Nightly Horror: An Interview with Gwendolyn Kiste
I was asked recently by Acep Hale, a contributor to Lovecraft eZine, to provide a definition of quiet horror. Here is what the ol’ brainpan came up with:
Quiet horror is that abandoned farm house at the end of the country road, the one you’ve returned to again and again, attracted by its grotesque beauty, its dilapidation, its mystery. It fills you with wonder, and most of the time you’re not entirely certain why. And that’s okay. The unknowns in life make things interesting, prod the imagination into fashioning the subtle horrors it so often seeks. You’ve snapped dozens of photos of the derelict structure, not only of its exterior but the interior as well, a select portion of which now reside along your apartment wall in sleek obsidian frames. The bustling metropolis outside your bay window is another kind of horror, more visceral, more in-your-face, brimming with not-always-wanted noise.

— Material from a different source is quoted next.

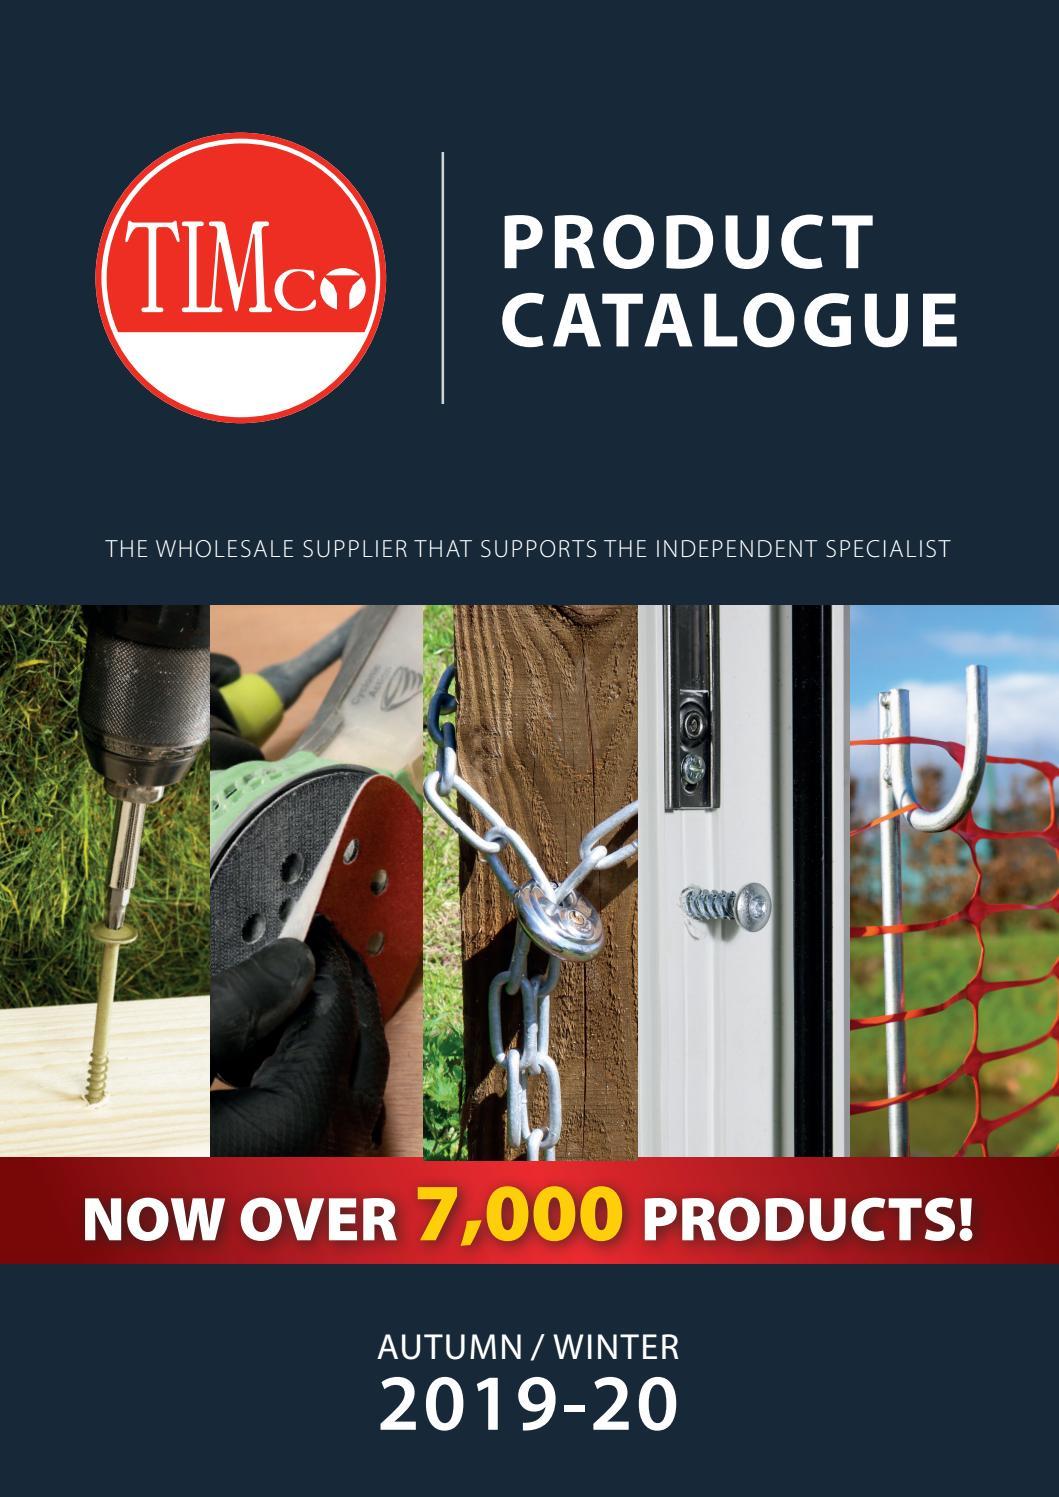 250x TIMCO 4.5 x 75mm C2 Exterior Outdoor Wood Decking Screws T20 Torx Head Bit
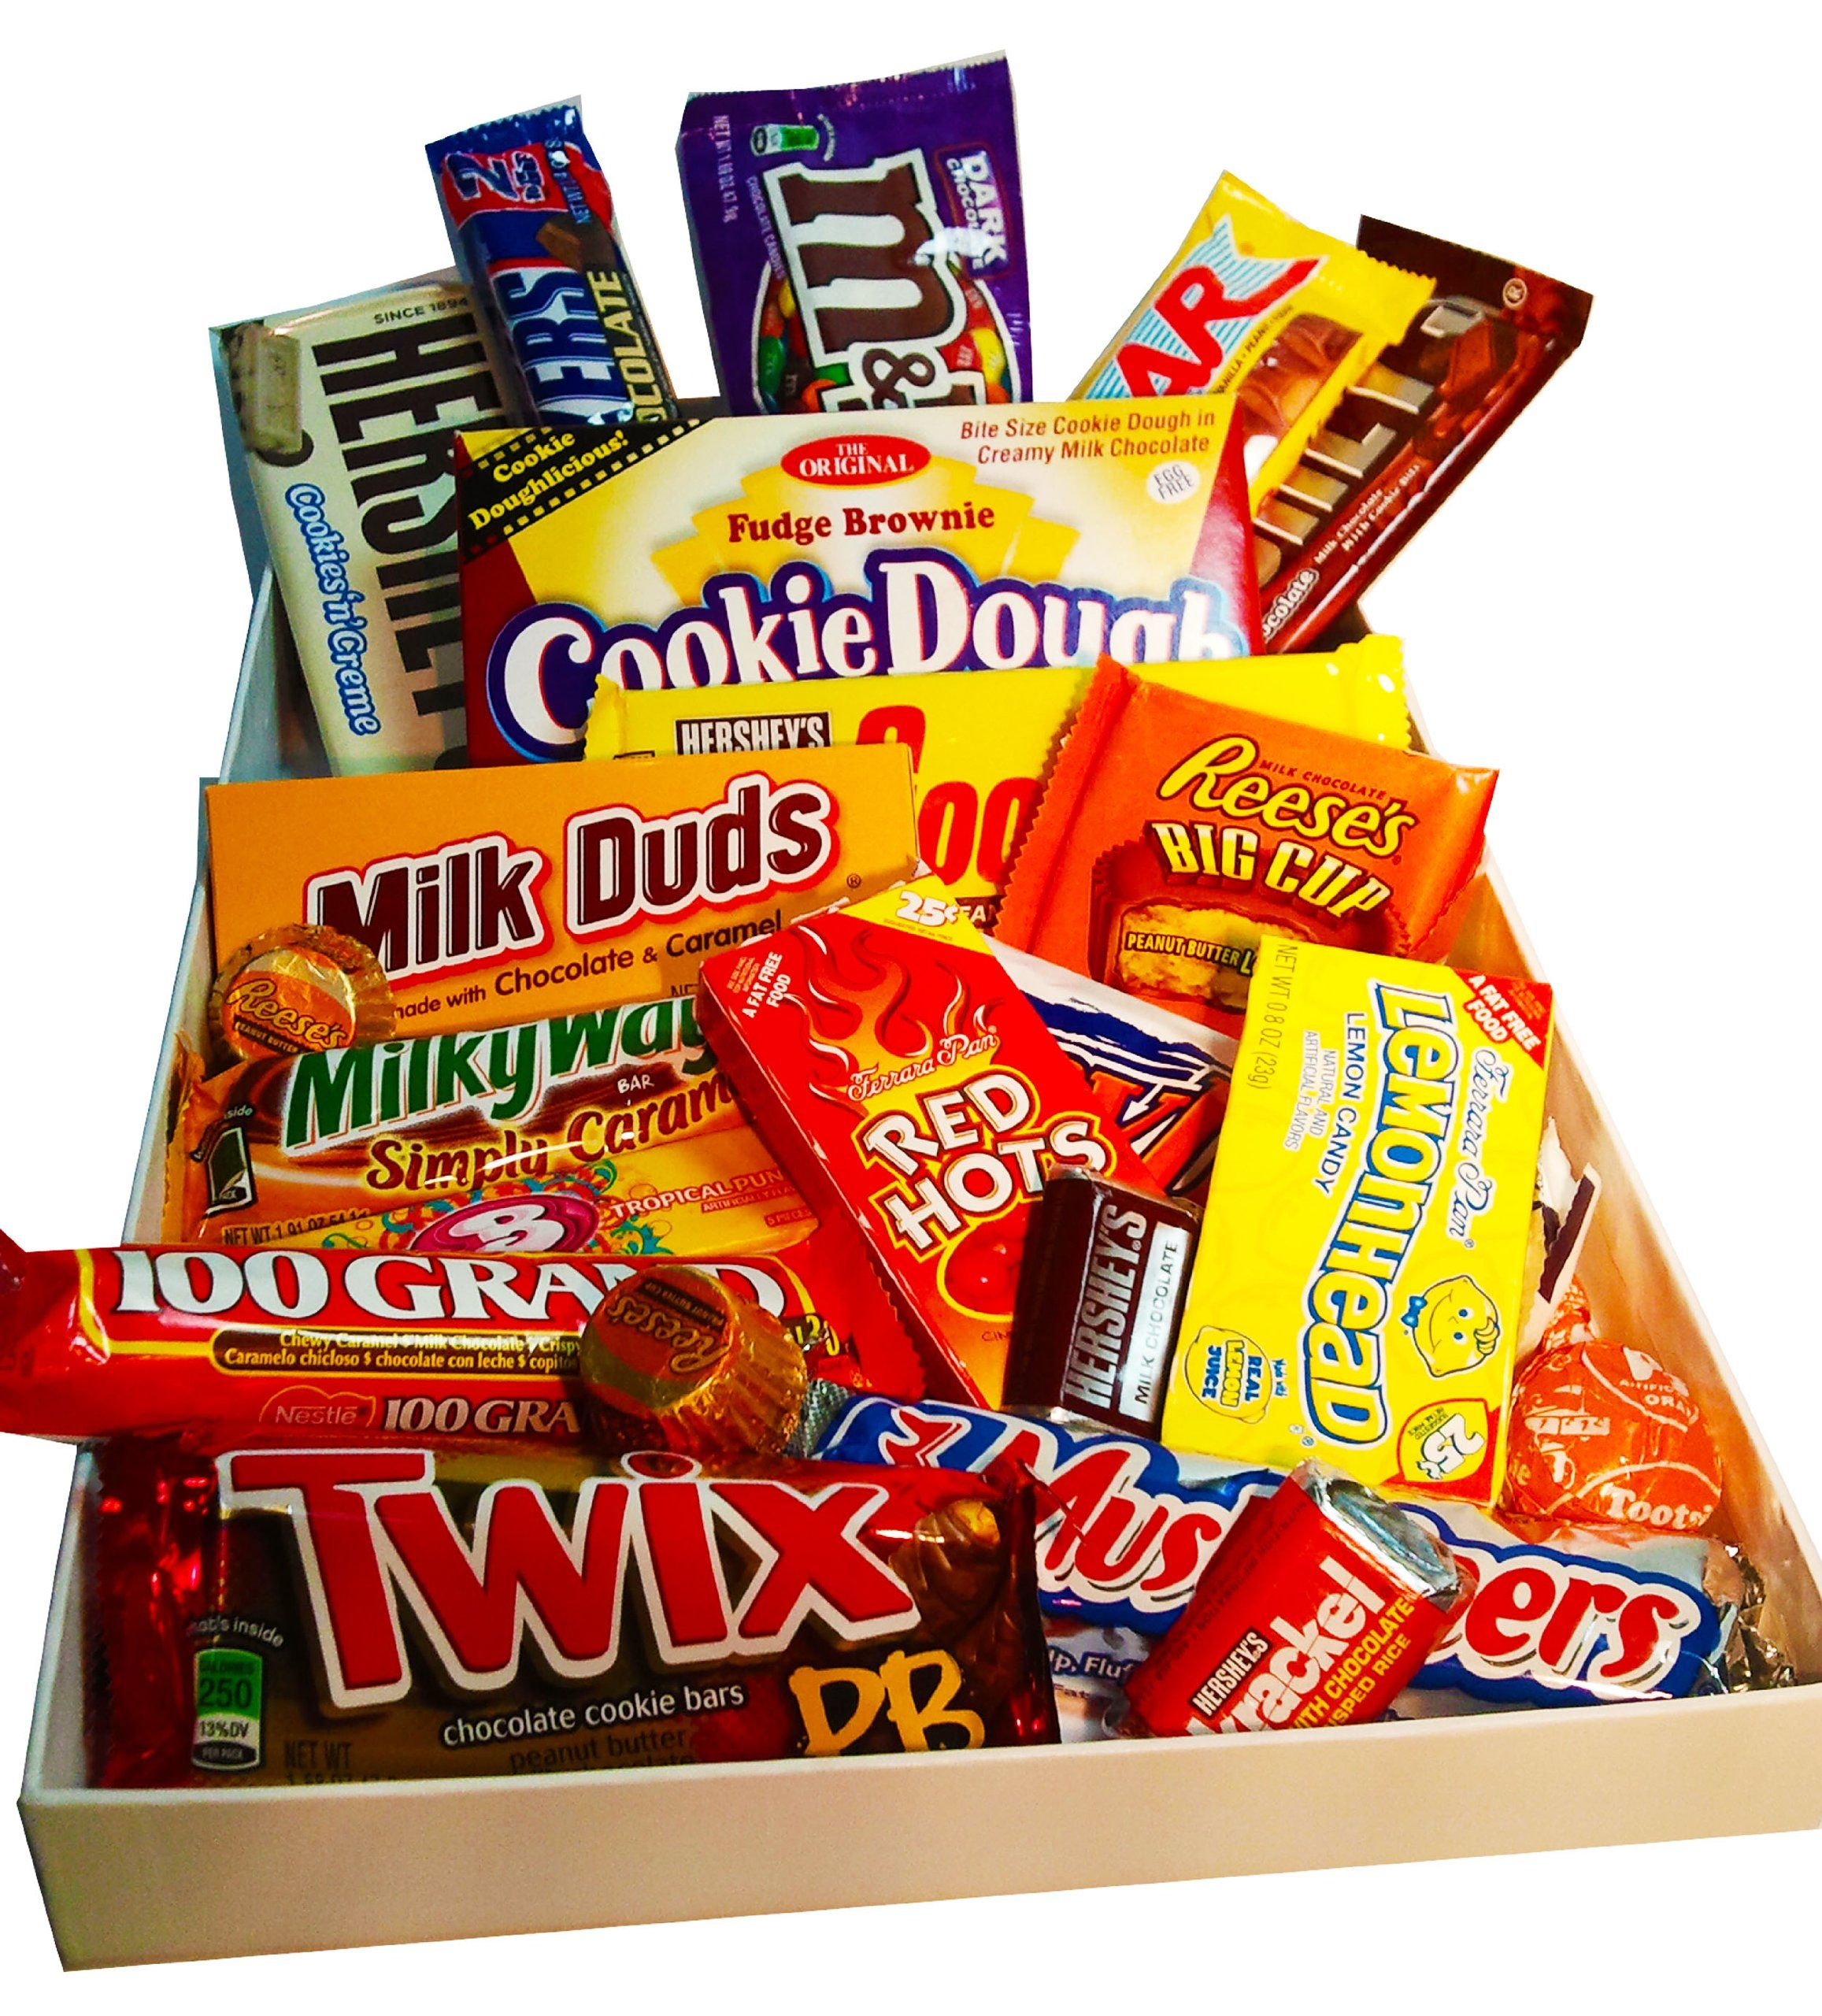 US CHOC CANDY MEGA BOX 05 DAISY DUKE'S AMERICAN CANDY

But there is escape. You need only return to that spectral wall and gaze at the subtle, dreamlike images you have captured, experiencing that quiet and satisfying thrill yet again. The solitude of open space and the broken bit of mystery which lies upon it—a sensation and an image which linger long and challenge easy resolution.
Be sure to give the full article a look-see, as it contains four additional (and perhaps more illuminating) write-ups of quiet horror.
Nightscript received a bit of praise recently from legendary editor Ellen Datlow in her long-running Best Horror of the Year series: “Nightscript I: An Anthology of Strange and Darksome Tales is a very promising anthology debut of what’s intended to be an annual, with content along the lines of New Genre and Supernatural Tales magazines. The first volume has twenty stories. There are notable ones by Patricia Lillie, Daniel Mills, David Surface, Charles Wilkinson, Clint Smith, Damien Angelica Walters, Ralph Robert Moore, and John Claude Smith.”